Стали подъезжать кареты, и мы, ошеломленные всем происшедшим, не
прощаясь один с другим, садились и уезжали по одному. В это время один из нас, стоя у схода с эшафота в ожидании экипажа, закричал: "Подавай карету!"
Дождавшись своего экипажа, я сел в него. Стекла были заперты, конные
жандармы с обнаженными саблями точно так же окружали наш быстрый
возвратный поезд, в котором недоставало одной кареты – Михаила Васильевича
Петрашевского!
П. К. МАРТЬЯНОВ
Петр Кузьмич Мартьянов (1827-1899) – писатель. Поместил множество
стихов, повестей, исторических и историко-литературных работ и статей по
военным вопросам во "Всемирном труде", "Древней и новой России", 155
"Историческом вестнике", "Ниве", "Солдатской беседе" и др. Печатал также
юмористические стихи под разными псевдонимами: "Эзоп Кактус", "Бум-Бум",
"Петя", "Крюк" и др. Отдельно изданы им "Песни сердца поэта-солдата" (СПб.

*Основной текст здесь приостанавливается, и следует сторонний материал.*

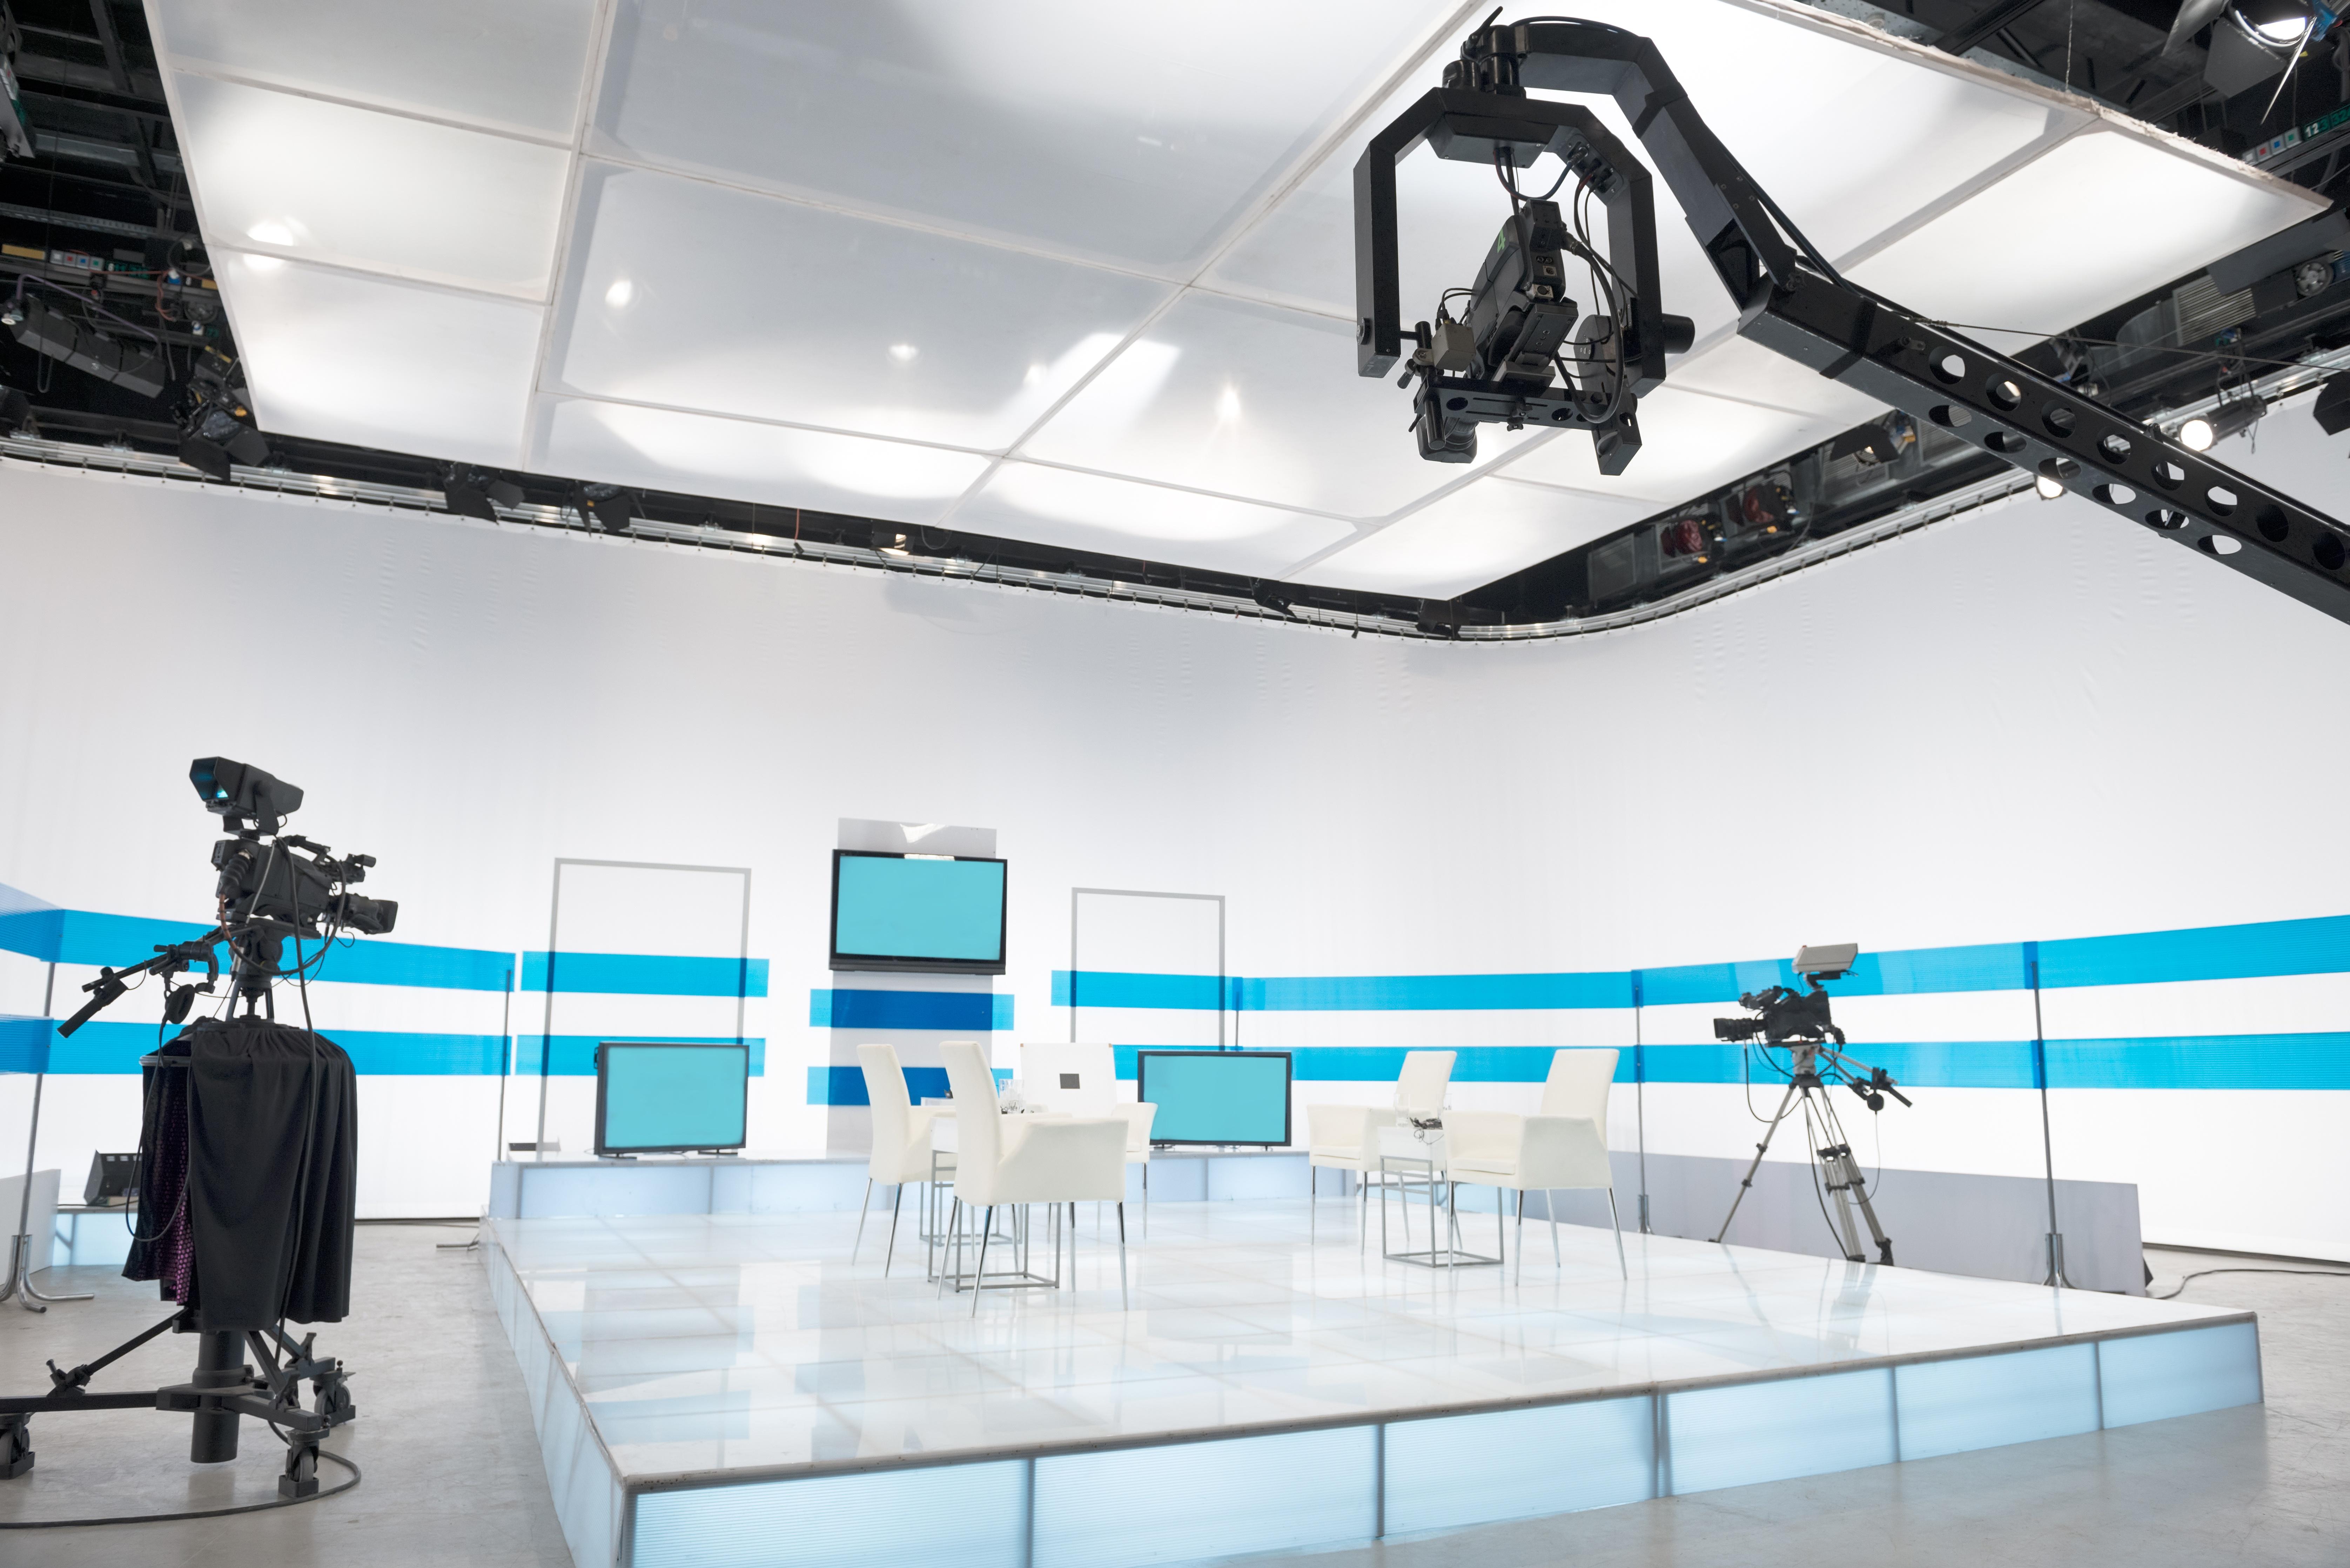 tv_studio_cameras_background_screens_lighting.jpg
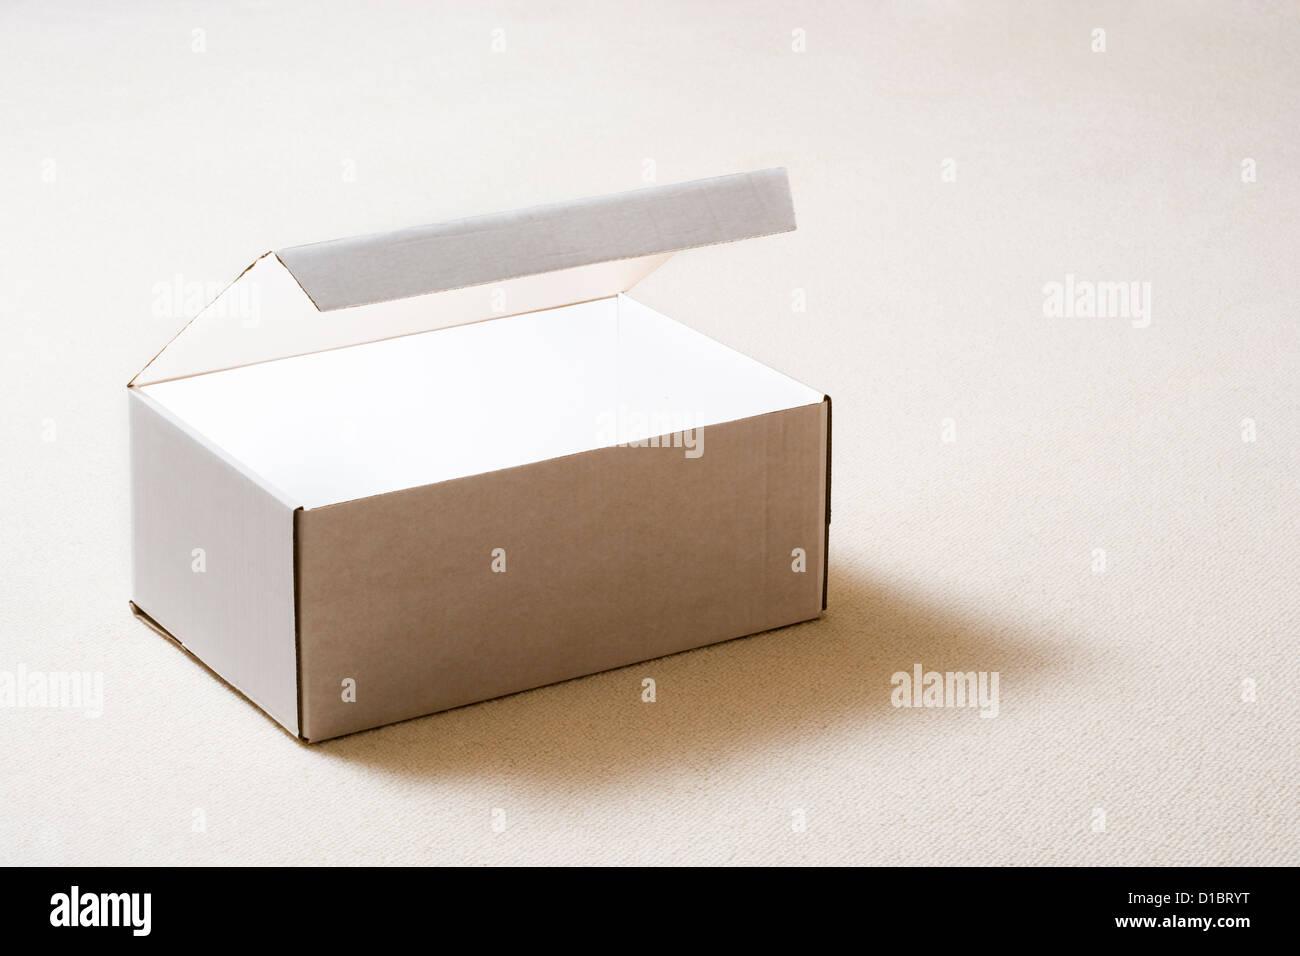 Box lit inside. - Stock Image

1865), "Вешние всходы. Статьи, эскизы, наброски и песни" (СПб. 1872), "Цвет
нашей интеллигенции. Словарь-альбом русских деятелей XIX в." (несколько
изданий), "Песни жизни, слез и смеха" (2-е изд. – 1891) и др.
Воспоминания П. К. Мартьянова о Достоевском и Дурове в Омской
каторжной тюрьме являются частью его мемуаров "В переломе века". Эти
воспоминания, по-видимому, действительно восходят к материалам, в свое время
по свежим следам занесенным в записную книжку, на них опираются не только в
основе, но и в конкретной передаче фактов и деталей. Об этом свидетельствует
прежде всего самый тон рассказа, объективно спокойный, отдаленно
напоминающий тон "Записок из Мертвого дома", точно автор мемуара намеренно
устраняет всякие эмоции, ставя себе задачей передавать доподлинно то, что ему
одному было доступно видеть,
ИЗ КНИГИ «В ПЕРЕЛОМЕ ВЕКА»
Город Омск в то время был центром военного и гражданского управления
Западной Сибири, со старой крепостью в изгибе реки Иртыша, при впадении в
него речки Оми, и несколькими форштадтами с трех сторон крепости, по
четвертому же фасу крепости протекал Иртыш, за которым тогда начиналась уже
степь. Крепость представляла из себя довольно большой, в несколько десятин, параллелограмм, обнесенный земляным валом со рвом и четырьмя воротами: а) Иртышскими – к реке Иртышу; б) Омскими – к устью реки Оми; в) Тарскими – к
городскому саду и присутственным местам, и г) Тобольскими – к изгибу реки
Иртыша. При каждых воротах находились гауптвахты и содержался военный
караул. Вообще крепость, как укрепленное место для защиты от врага, никакого
значения не имела, хотя и была снабжена достаточным числом помнивших царя
Гороха чугунных ржавых орудий, с кучками сложенных в пирамидки ядер, в
отверстиях между которыми ютились и обитали тарантулы, фаланги и скорпионы.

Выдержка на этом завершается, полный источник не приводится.